While crypto and stablecoin technology offers clear advantages in reducing costs and speeding up settlements, such partnerships are necessary to maintain compliance and manage risk. Therefore, to strengthen compliance, Juicyway hired Joshua Wasserman, a former FDIC bank examiner and Cash App compliance leader and collaborates with Sumsub for advanced KYC, KYB, and KYT processes, allowing the creation of transaction limits and tracking anomalies in user behavior to prevent fraud and money laundering, the founders said.
Also, Juicyway understands the partner risk involved as a fintech relying on partners in light of the recent Synapse debacle and is actively discussing with other banks and payment processing platforms, according to Johnson.
“One way we’ve managed to stay ahead in navigating complex financial operations is by clearly separating the roles of our principal custodians and payment processors rather than relying on one entity to handle both.

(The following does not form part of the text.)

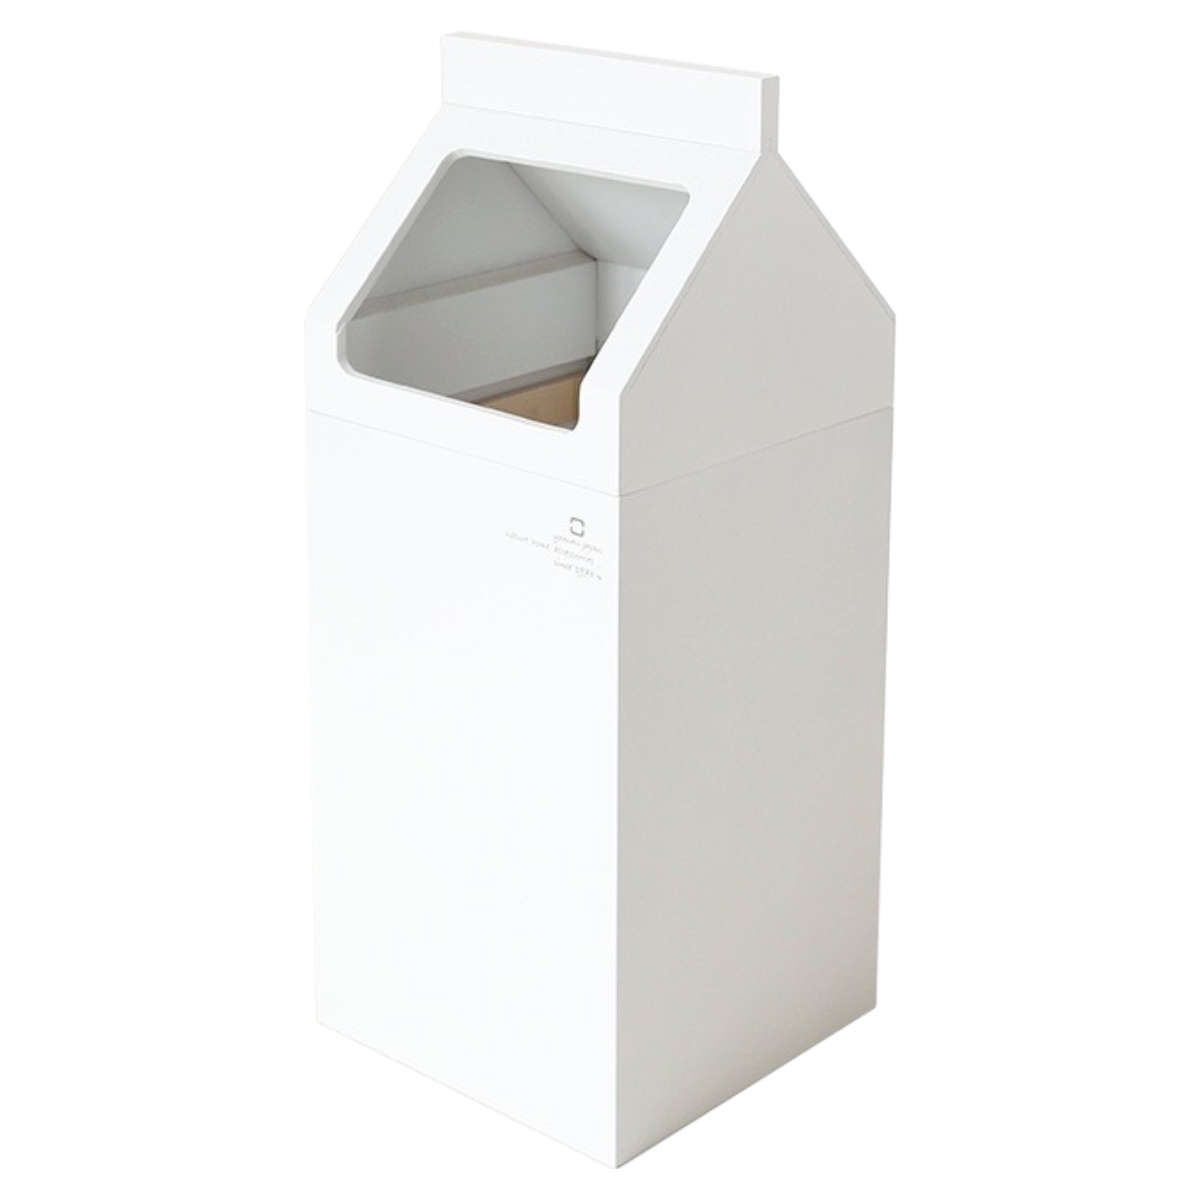 木製 ごみ箱 7.8Lミルドットシー 外からゴミ袋が見えにくい 内枠付き 幅18cm 高さ45cm ホワイト YK22-102 日本製 ヤマト工芸 yamato ゴミ箱 ダストボックス

However, what I’ve described right now is not foolproof, so we’re also diversifying our banking partners and payment processors in those markets,” the CEO said.
The fintech’s revenues come from processing and payment fees, with take rates ranging from 0.2% to 10% on certain transactions. Moving forward, it’ll look to generate additional revenue from earning interest on customer balances, Johnson said on the call.
Two months ago, Yellow Card, a startup leveraging stablecoin technology to assist over 30,000 businesses in Africa and beyond with payments and treasury management, raised $33 million from several investors including BlockChain Capital. It’s part of a growing wave of startups, including Conduit, that are applying stablecoin tech to cross-border payments across Africa and other emerging markets. It’s unclear if other players like YC-backed Waza and Verto use stablecoins; however, their overlap in cross-border payments puts them in competition for the same market.
While Johnson views these startups as partners in an evolving cross-border payment ecosystem, he thinks Juicyway contrasts itself at the stablecoin orchestration layer, focusing on meeting customer needs at both the supply and demand ends. “Our single and biggest North Star is increasing the access of Africans to the global economy, and it shapes how we make decisions,” said the executive. “What that means for us is that we’re heavily product- and compliance-led, more than we can be finance-led.”
Like other platforms issuing or using stablecoin technology, Juicyway has had to acquire money transmitter licenses to operate – in its case, across the U.S., the U.K., Canada and Nigeria – given the regulatory ambiguity surrounding crypto and stablecoin issuance and usage globally. Over the next few years, the three-year-old fintech might acquire similar licenses in other African countries as it looks to become the platform where Africans and those doing business on the continent can easily convert African currencies to local ones and back.
Early-stage African investor P1 Ventures led the pre-seed round with participation from Ventures Platform, Future Africa, Magic Fund, Microtraction and other angel investors.